Утром я умру. Утром я умру. Утром я умру.

Мама!

Добрый спросил у меня, что я тут делаю. В зале трибунала, где Мата Хари приговорили к смертной казни. Я сказала, что не знаю. Не знаю и теперь. Доброго звали Шатерен. Он хотел сохранить мне жизнь. Возможно, я останусь в живых. У меня еще есть время.

Нет! Я не должна так думать. Не надо больше думать об этом. Если приговор отменят, пусть это будет неожиданностью. Подарком судьбы.

Мама!

Твоя Герши так устала. Она так далеко от дома.

Утром твою Герши расстреляют.

Неужели это правда?

Нет. Это драма. В которой я играю главную роль. И среди зрителей будут лишь чужие люди. Остальные оставили, забыли меня. Мои родные. Мои друзья. Любовники. И Луи, Франц! Бобби-мой-мальчик. Вы забыли меня. Лучше бы мне умереть.

Желание такое выразить не так уж трудно, когда ты умрешь утром.

Янтье!

Моя мама была твоей бабушкой. Ты ждешь меня, держа ее за руку?
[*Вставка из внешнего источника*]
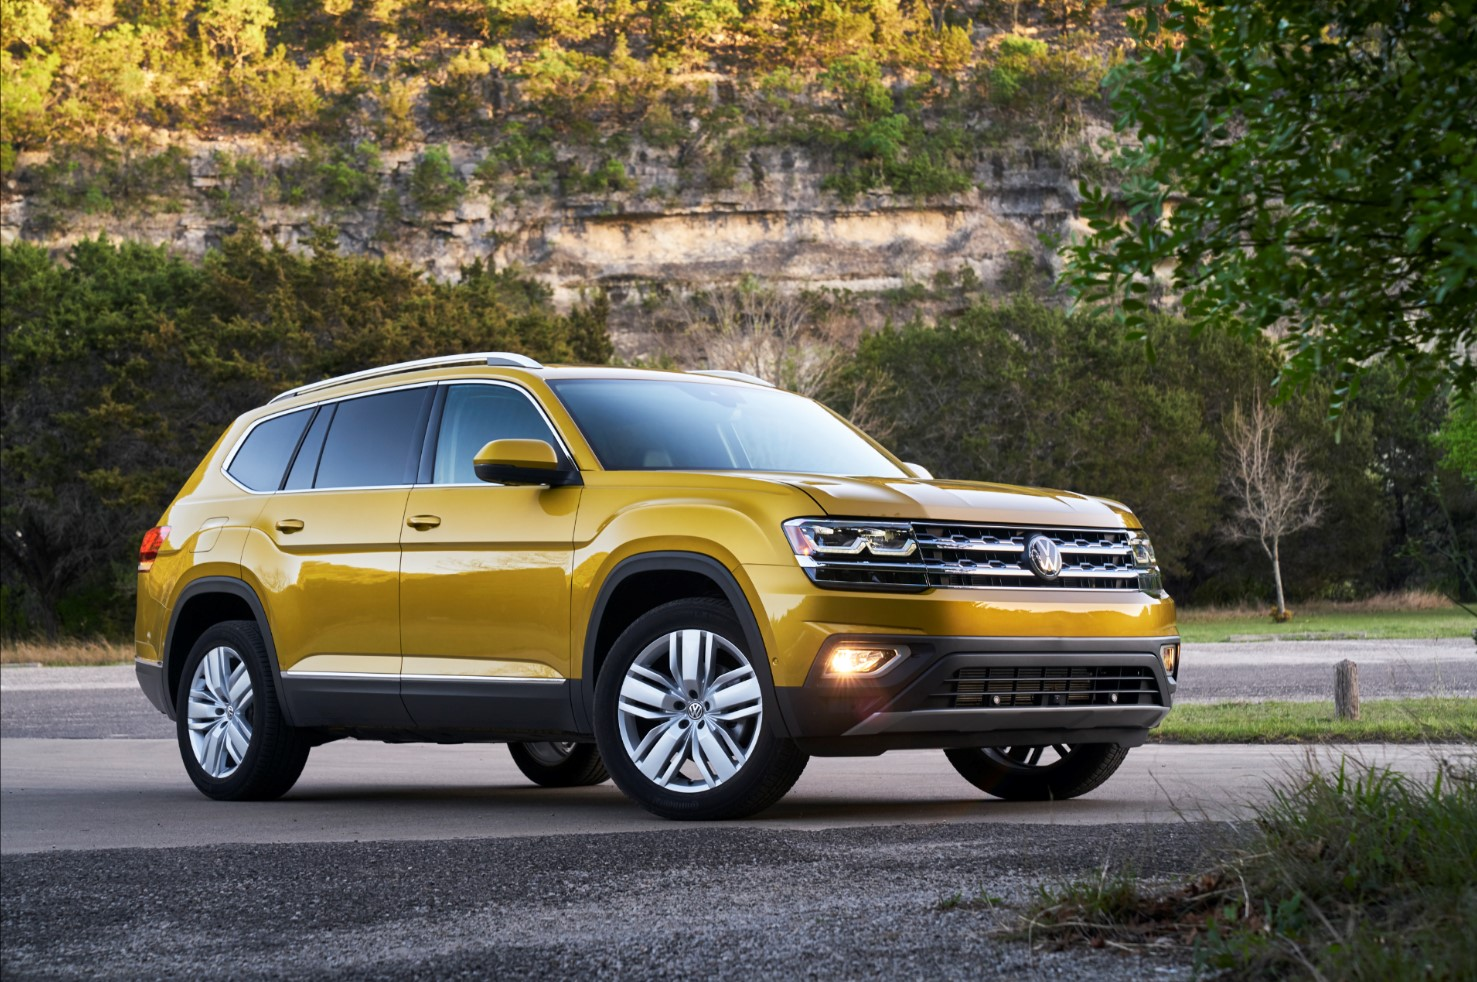 2018 Volkswagen Atlas Yellow Front Side Exterior

Как бы мне хотелось верить в рай.

Но если бы я верила в рай, то разве я бы попала туда? Конечно, не в рай домине ван Гилзе. И не в рай сестер-монахинь! Туда пускают лишь католиков. Если бы я верила в рай, то поверила бы, что попаду туда. Но это будет мой собственный рай. Созданный моим Богом. Моим Богом. Который любит меня. Любит акробатов и клоунов, рабочих сцены и усталых певиц с хриплыми голосами и облезлыми боа. Любит офицеров в брюках из толстого красного сукна и офицеров в синих мундирах, красивых дворян и буржуа с брюшком. Любит детей и нищих. К Его престолу припали потаскушки вместе с Марией Магдалиной, и у Его танцовщиц молочно-белые груди, твердые, как недозрелые дыни. Мой Бог любит и солдат. Всяких. Французов и немцев, австрийцев, сербов, русских, греков, турок и даже черногорцев. Он непременно освободит поля от шагающих вдаль крестов, накормит парней манной и напоит шампанским.

И Он презирает обвинителя. Поняла? Я придумала Его.

Возрадуйся, Матерь Божья…

А еще лучше, чтобы существовала Матерь Божья.

Какое-то время я была непорочной матерью своей собственной матери. Когда она заболела и лежала на смертном одре, мы с ней поменялись ролями. Потом я стала любящей матерью своему Янтье — и он умер. Я была матерью-возлюбленной Григорию — и он убил себя. Теперь я своя собственная мать. Мать бедной Герши. Бедной милой Герши, которая утром умрет.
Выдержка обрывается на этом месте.